* [Provided data]
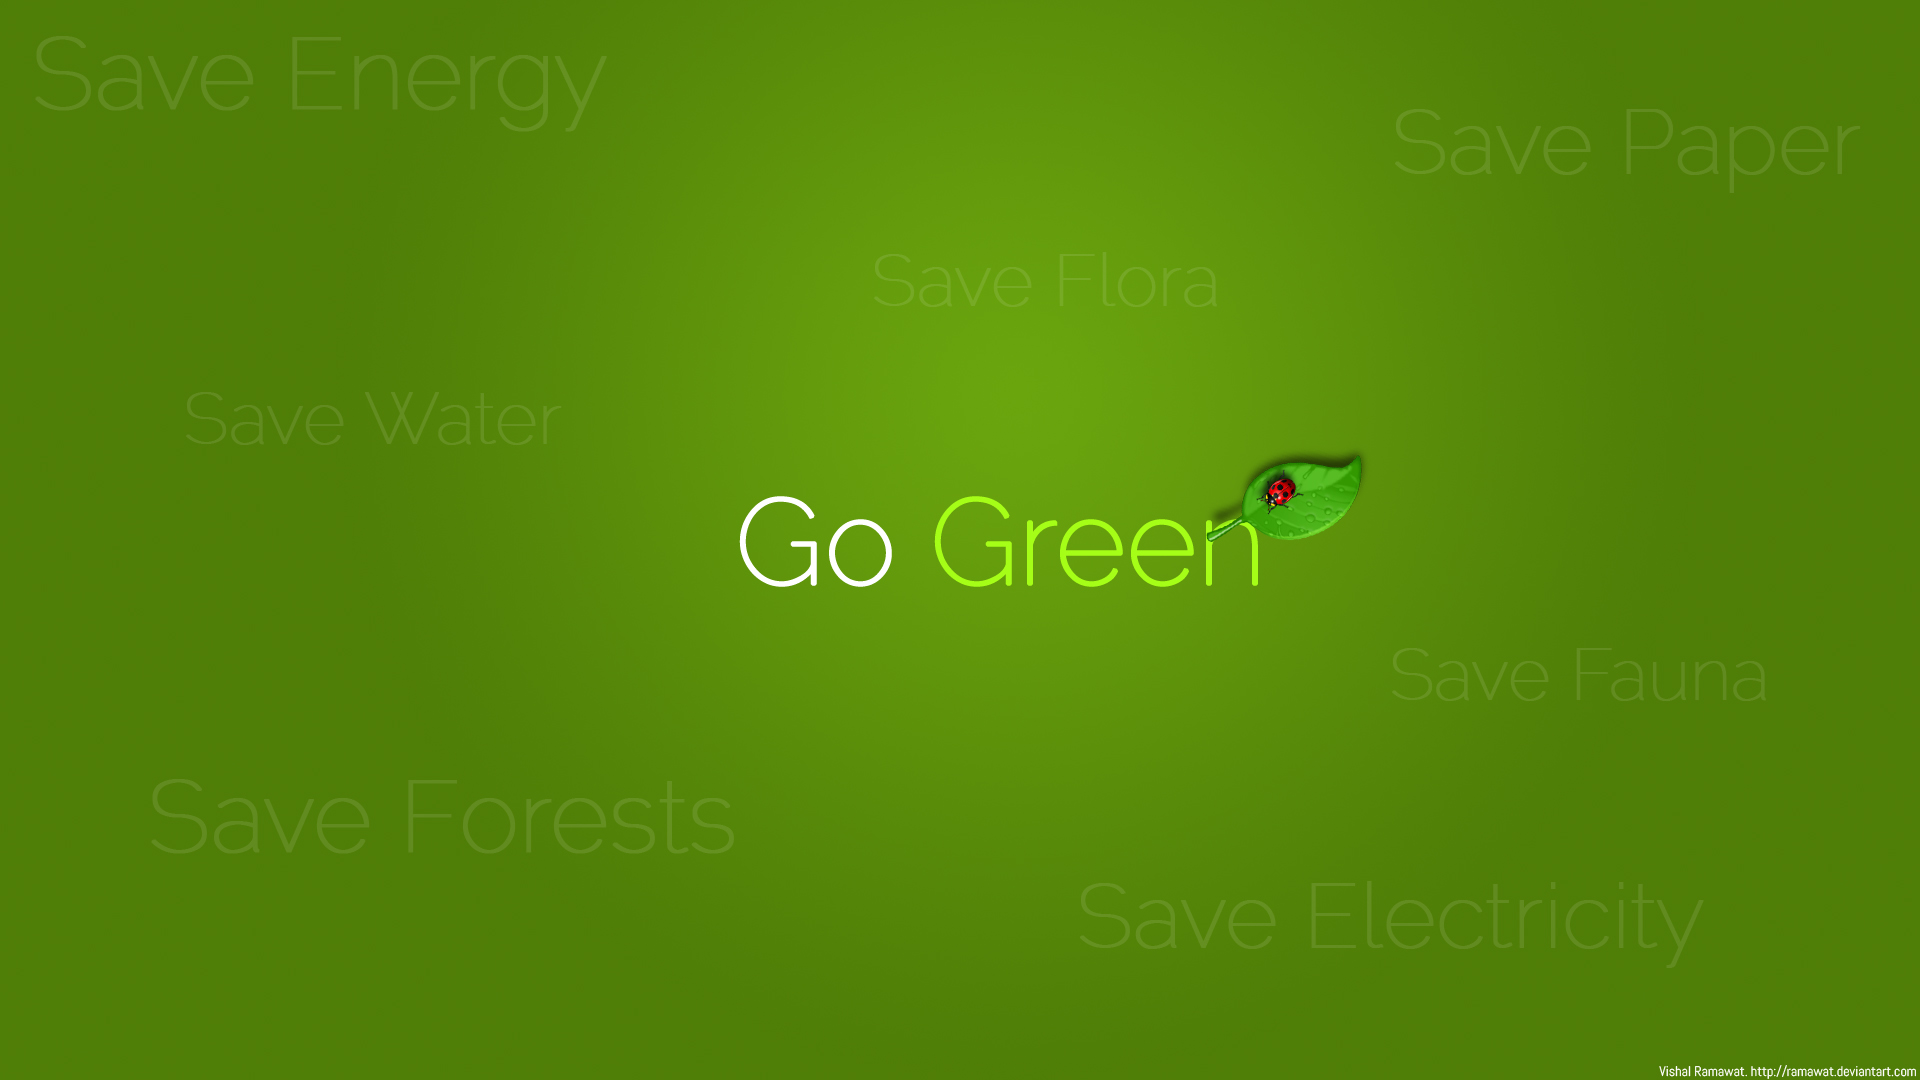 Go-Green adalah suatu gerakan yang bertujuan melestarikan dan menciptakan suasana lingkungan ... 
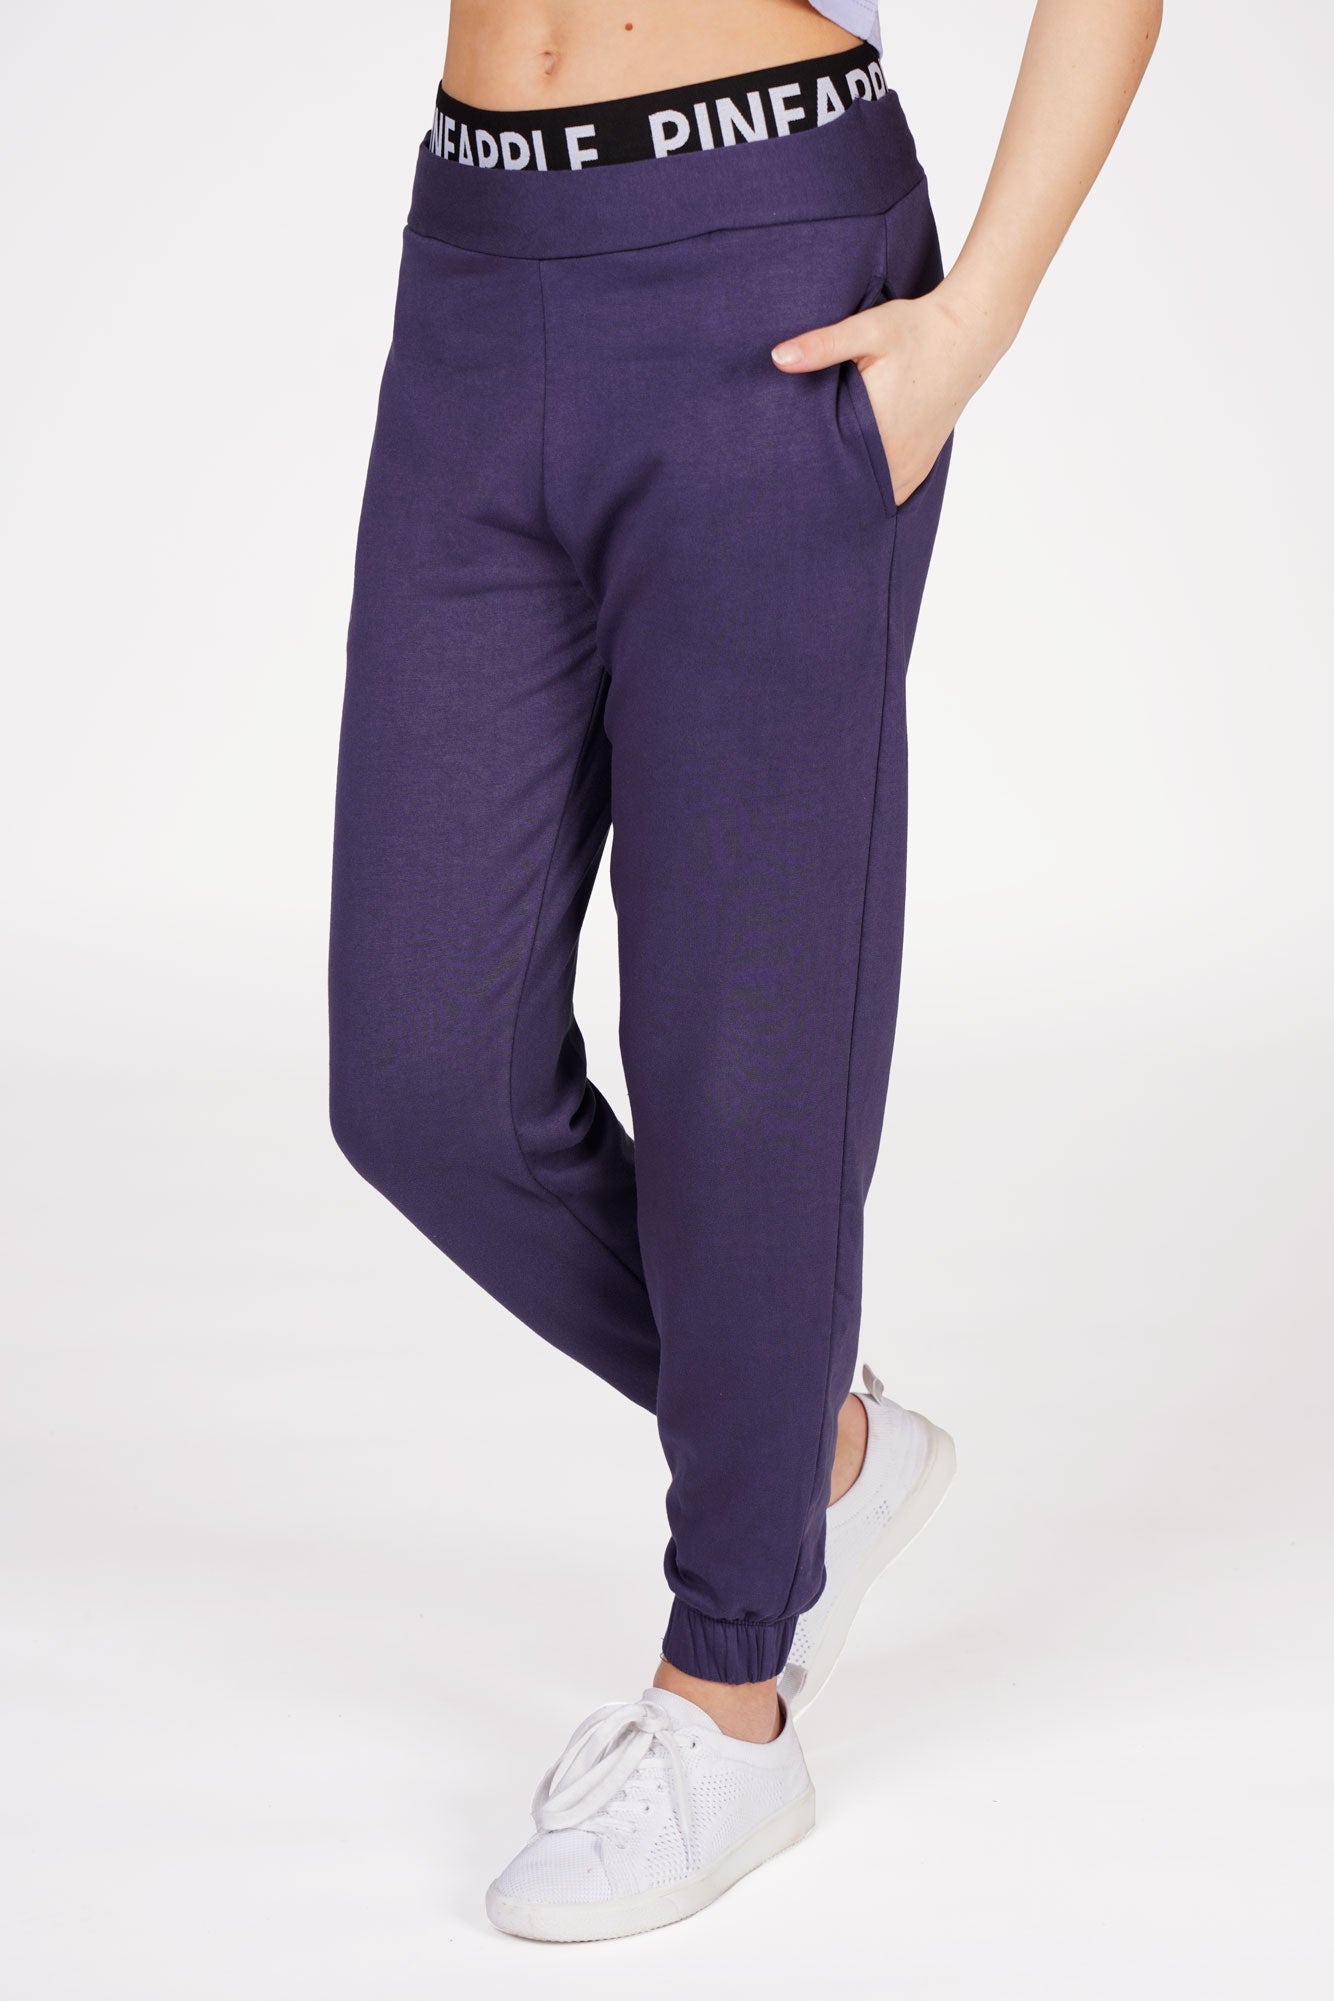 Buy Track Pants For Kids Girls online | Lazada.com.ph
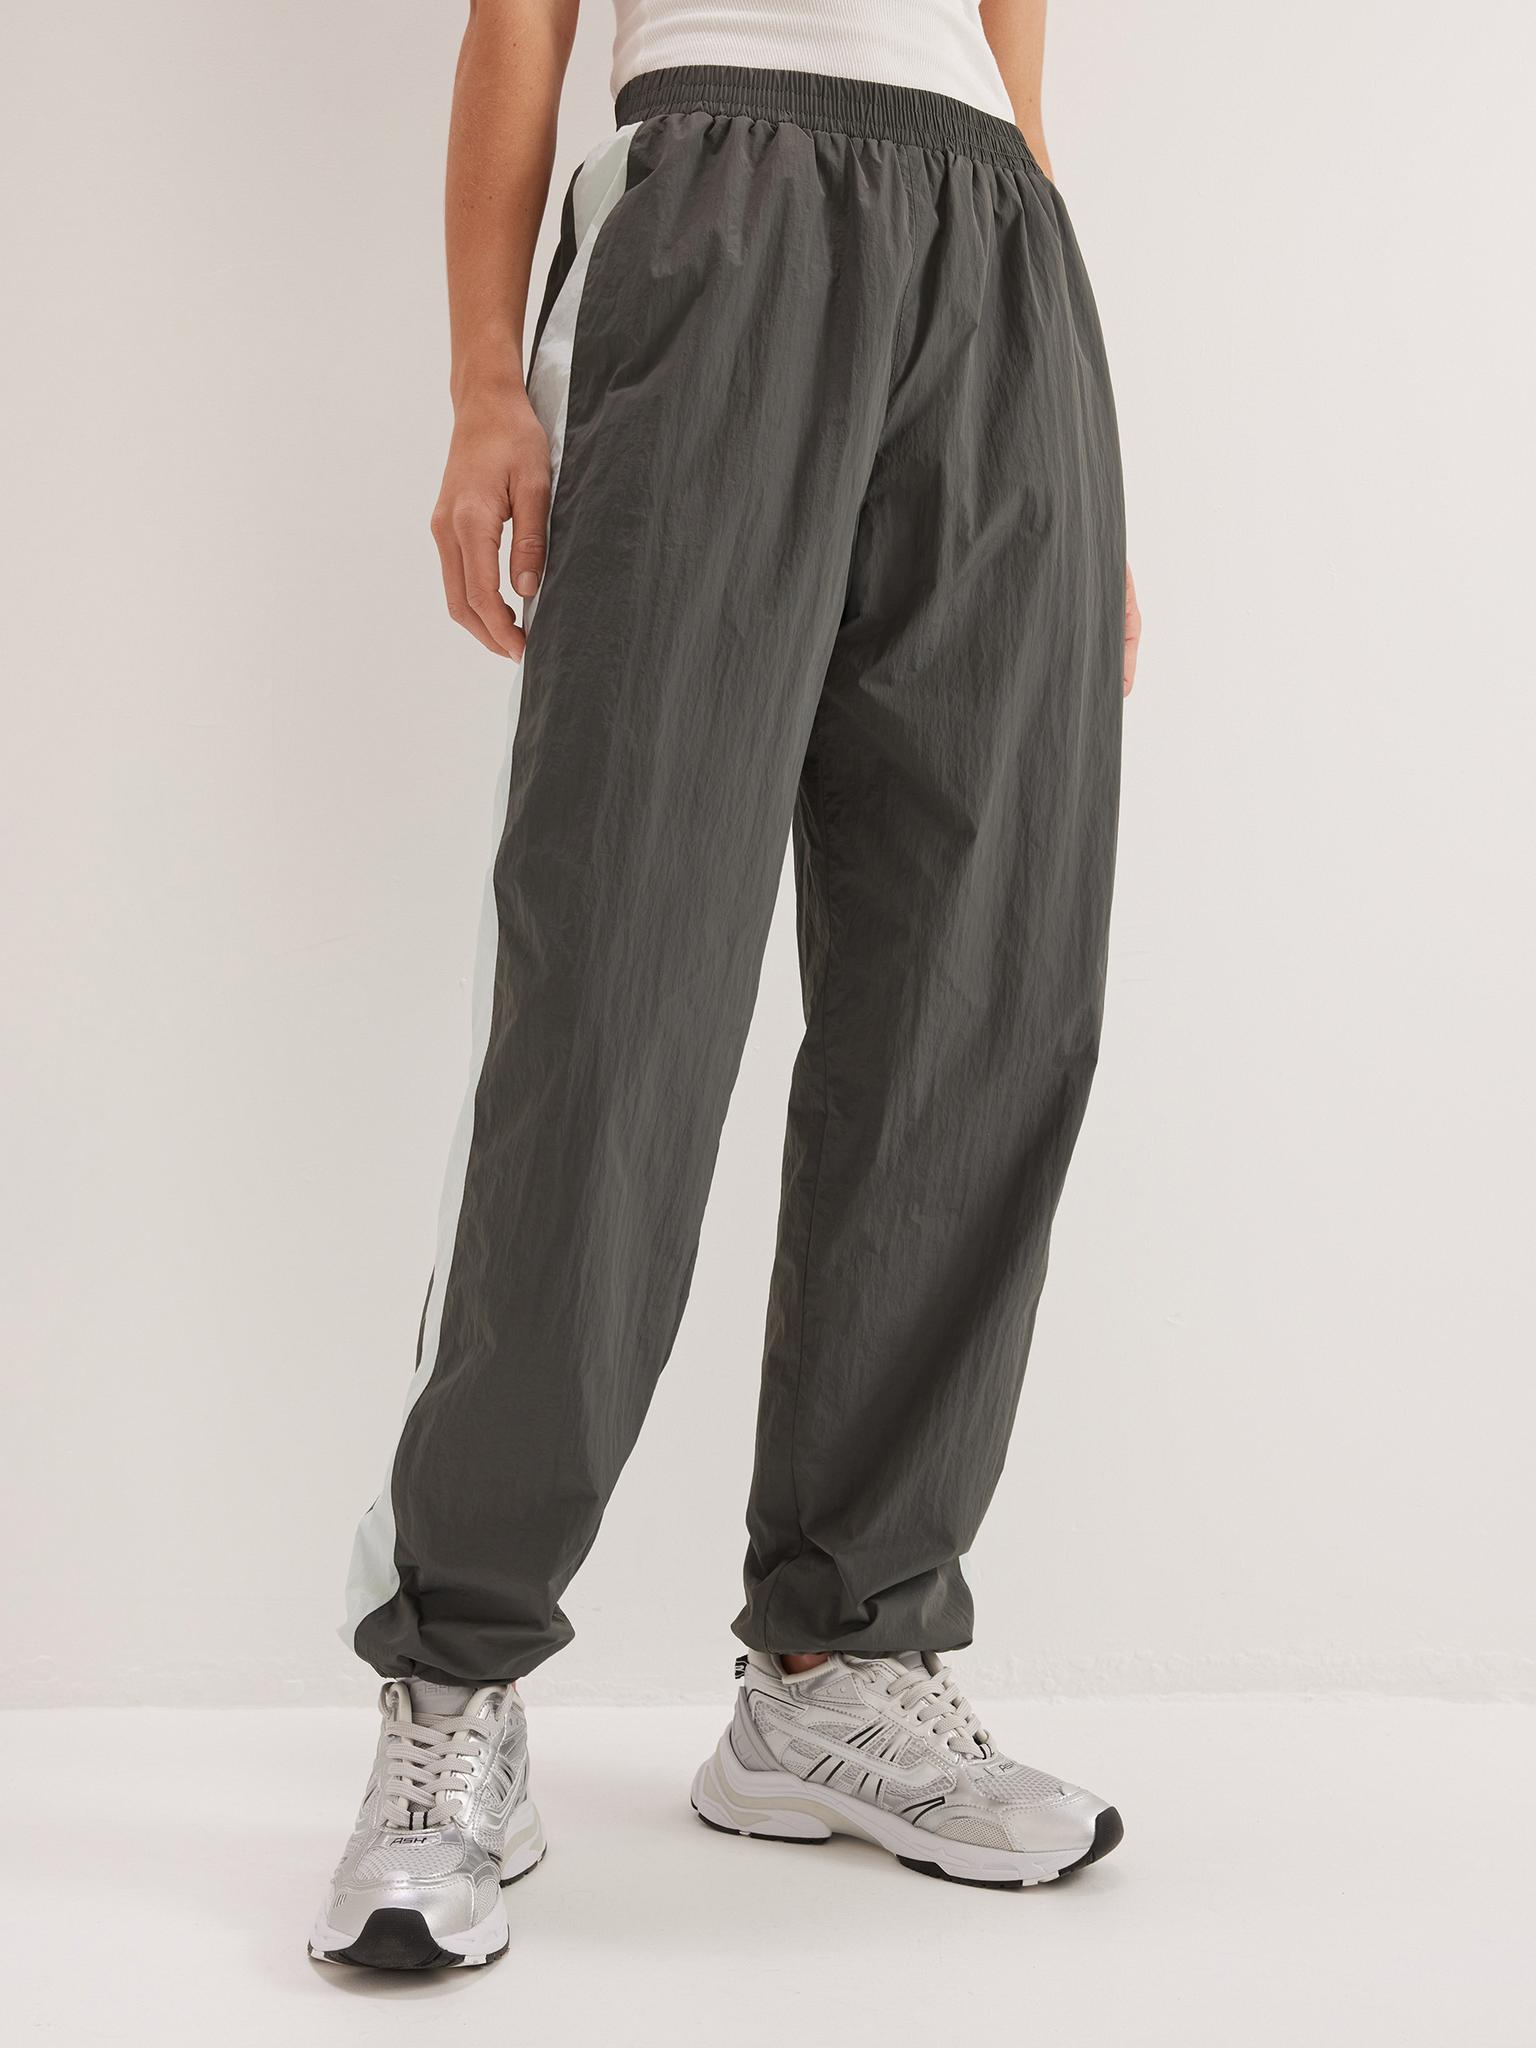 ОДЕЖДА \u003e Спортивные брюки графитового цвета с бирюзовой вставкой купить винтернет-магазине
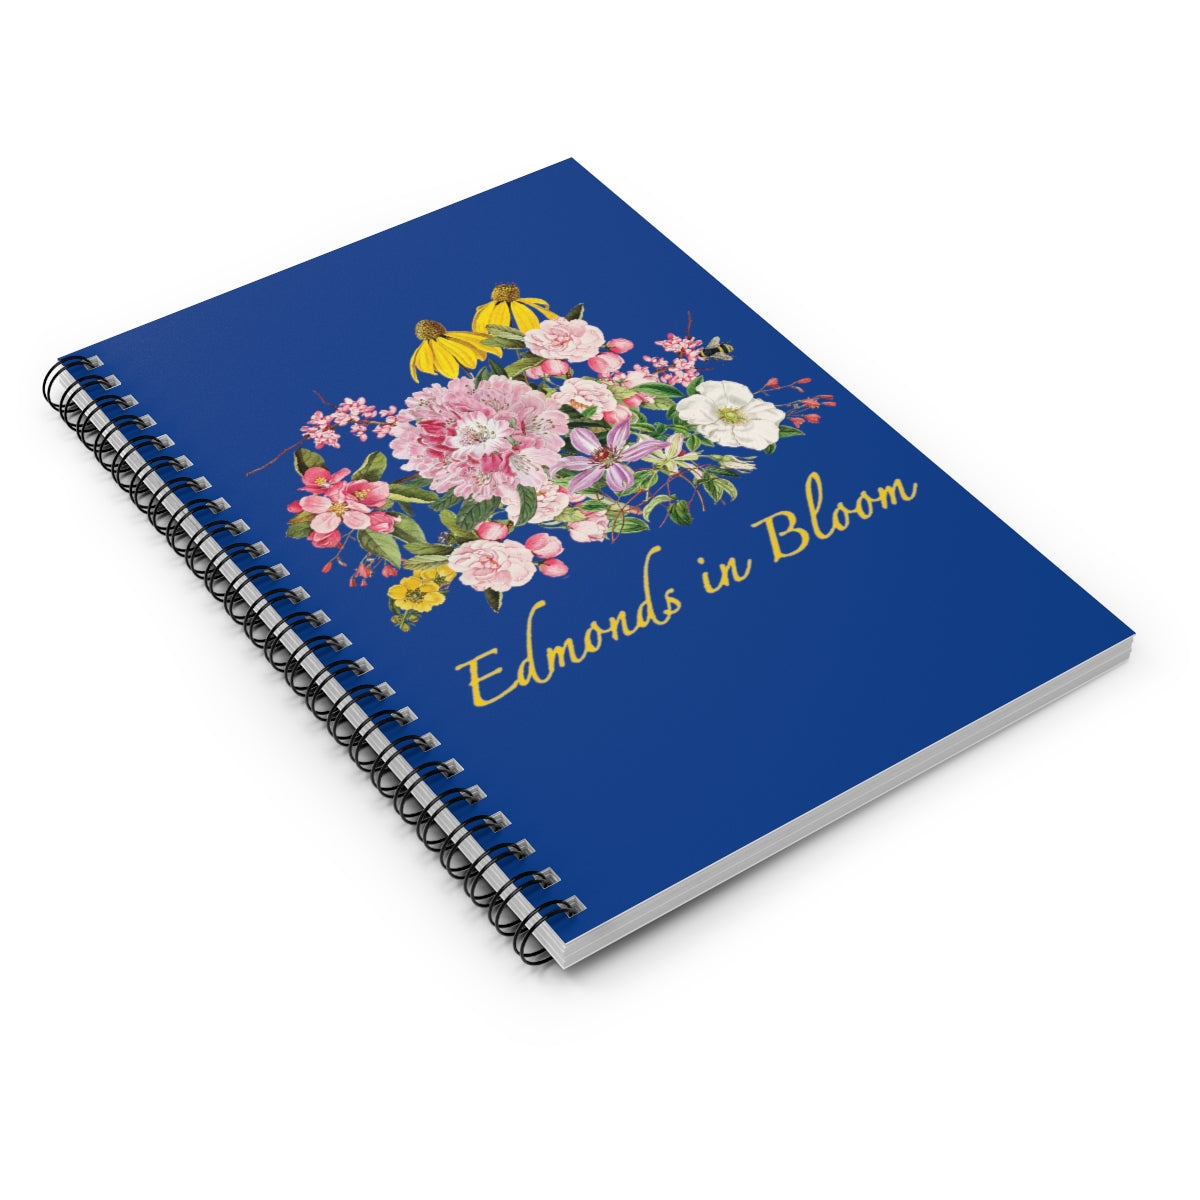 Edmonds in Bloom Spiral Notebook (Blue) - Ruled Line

* [Description of the task] The output is the data above, repeated exactly, with pictures omitted.

* [Response to this task]
 Go-Green adalah suatu gerakan yang bertujuan melestarikan dan menciptakan suasana lingkungan ... 
 Buy Track Pants For Kids Girls online | Lazada.com.ph
 ОДЕЖДА \u003e Спортивные брюки графитового цвета с бирюзовой вставкой купить винтернет-магазине
 Edmonds in Bloom Spiral Notebook (Blue) - Ruled Line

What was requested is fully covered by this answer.